The final two activities planned for 2008 on the island of Roatan include a three-day youth outdoor RH leadership camp for 15 youth leaders, and a two-day series of workshops on self esteem, SRH, HIV and multi-cultural leadership for 50 soccer players ages 15-20 from three soccer teams in the at-risk community of Sandy Bay.
LAP Honduras 2004
The Honduras team is designing and producing an interactive CD-ROM to provide young people ages 11 to 18 with access to sexual and reproductive health (SRH) information. In response to the dearth of interactive educational material in the region, the Honduras Team decided to develop materials that tap into young people’s interest in computers.

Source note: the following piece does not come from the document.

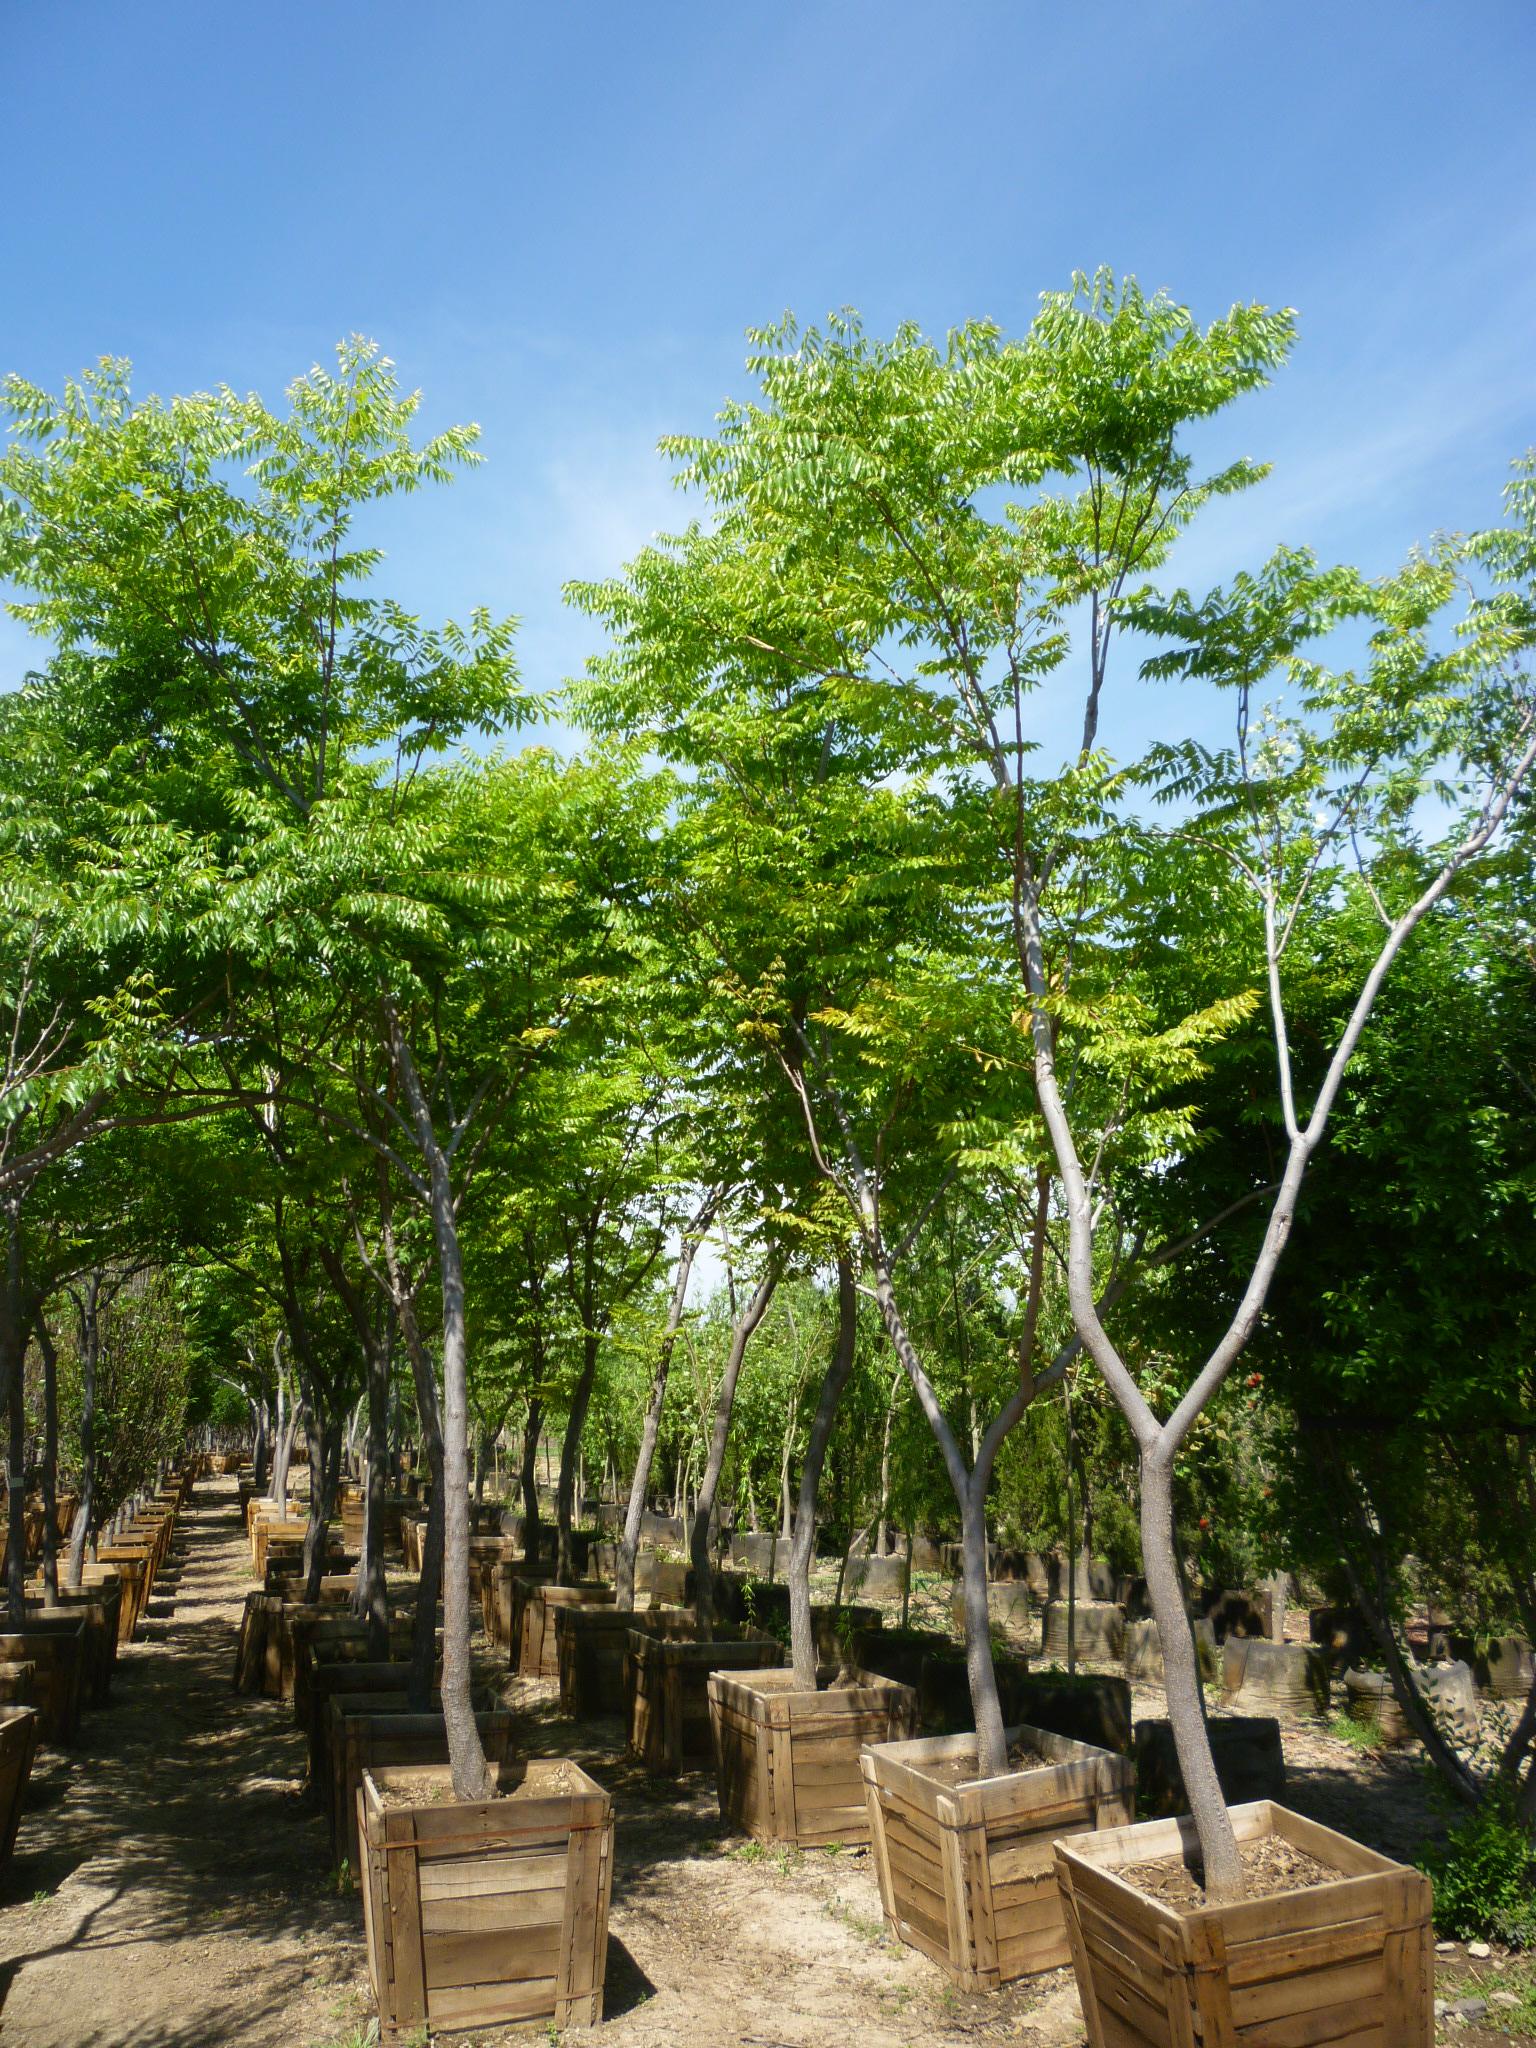 Productos viveros productores de guanajuato vpg for Caracteristicas del vivero

In collaboration with experts in psychology, medicine, communications, and pedagogy, the Fellows have compiled the content and schematization of the CD. They plan on distributing the CD to 40 schools along the northern Atlantic coast and will train two youth leaders in each school on how to use the CD ROM, who in turn will train their peers. Using this methodology, the team plans to educate 600 students.
The CDs are burned and have been distributed, and 15 schools in San Pedro have agreed to utilize the CD in their orientation classes.